Tuesday

Epitaph for My Granma

It’s my maternal granma. Last two days were very trying for the whole family, as we could not help my granmaa in any way to ease her. The only thing we could do was pray that her sufferings come to an end. And, the only solace is that she passed away on a day that is supposed to be holy as per Hinduism.

After speaking to my parents in the morning, today I thought that mentally, I was prepared to hear the news. But, within few hours, when I saw my dad's number flashing on my mobile while driving, I suddenly felt cold and tired. After hearing the news, kept calling my family members just to relieve my restlessness.

Small things and incidents are deeply etched in my memory. She used to tell that as a preteen, I used to scare her by my tomboyish behavior. To tame me down, she put me in religious classes, where I was taught Suriya Namaskar and then transcendental meditation. 

What a lady she had been! Her bluish gray eyes were warm and stern, and I used to long that at least my kid should inherit it. She was my first inspiration, especially in handling dire circumstances. She had unshakable faith that things will turn around as we wish.

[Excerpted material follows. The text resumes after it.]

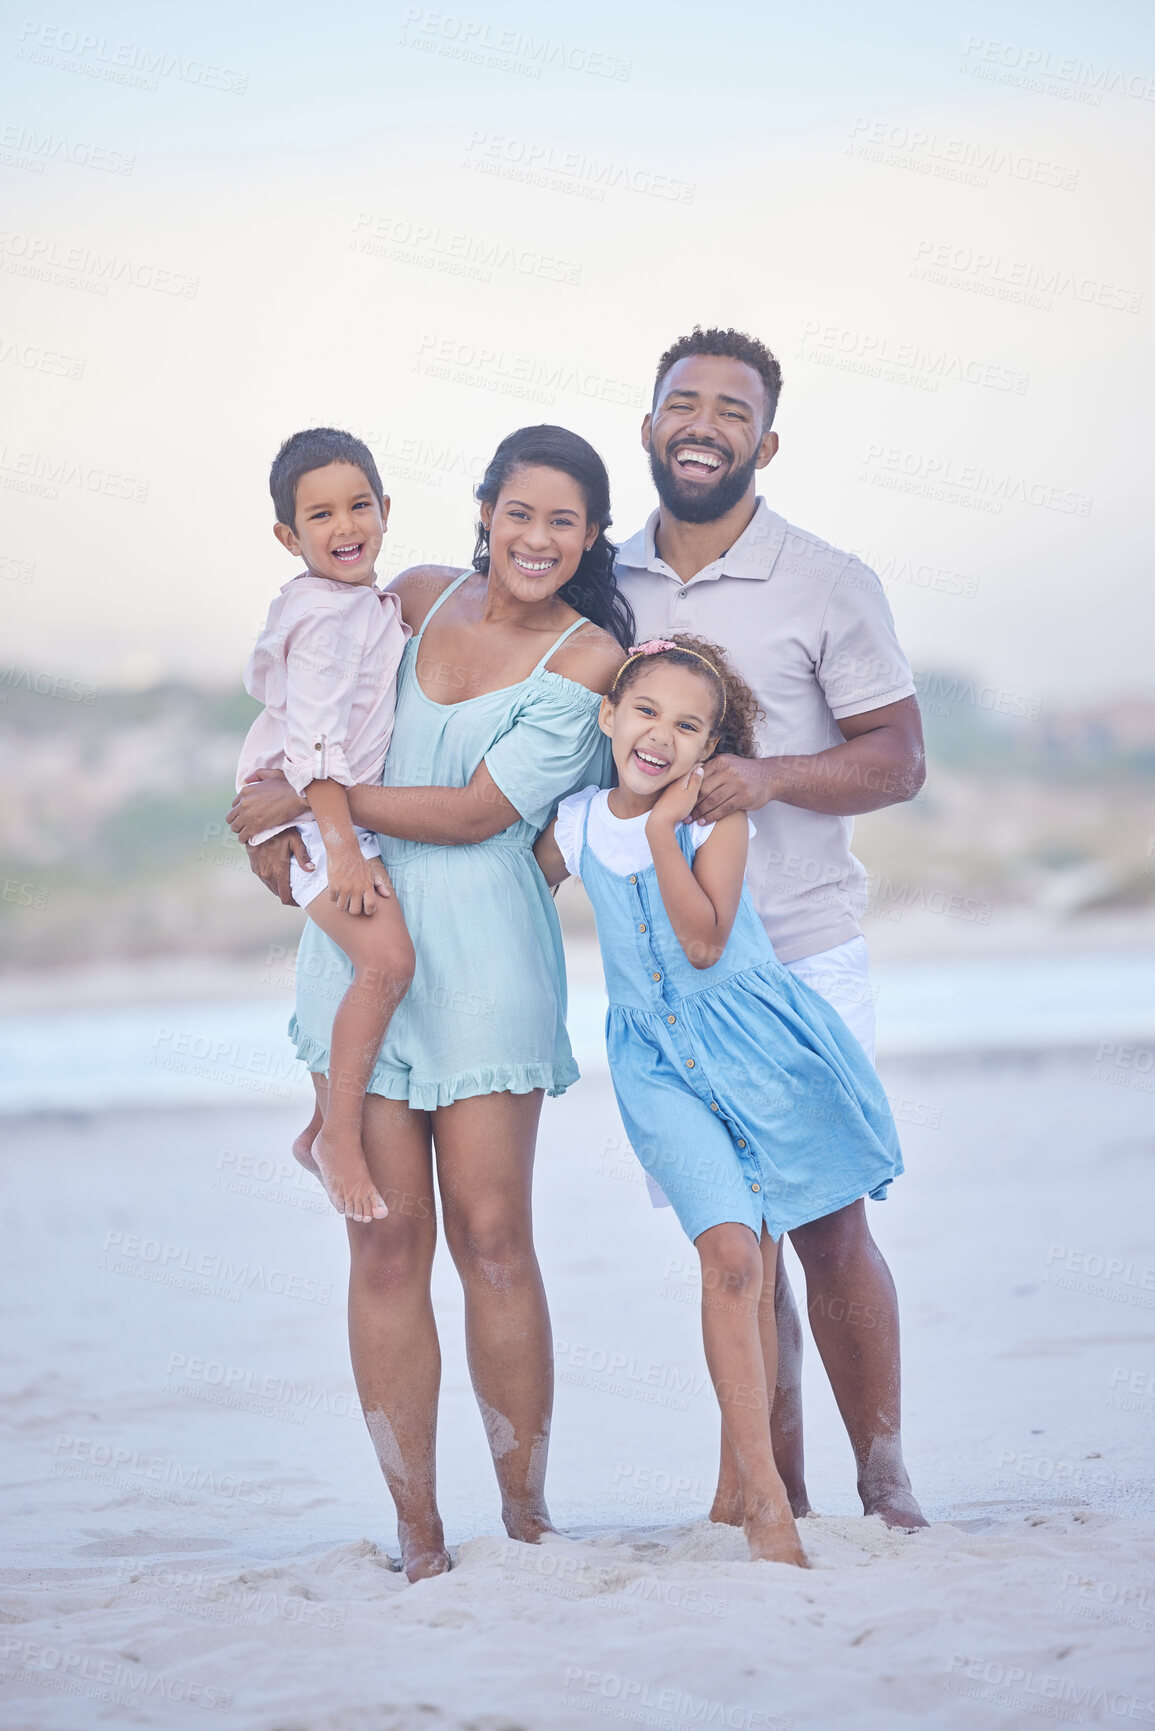 Buy stock photo Family, parents or portrait of happy kids at sea to travel with joy, smile or love on holiday vacation. Mom, beach or father smiling with children in Mexico with happiness bonding or walking together

Now, I realize the pangs of being an expat. It is a matter of few hours flight trip to home country, but due to our current plans, unable to go there and do my last rites, as the only granddaughter. This is what we choose, when we become expats.

3 comments:

Srinivas said...

Our deep hearted Condolences.

De'Little Ones said...

You must have missed her a lot. Condolences to your family.

VaishVijay said...

Thank you Sri, Lili, Grace and other friends who consoled me online and by phone.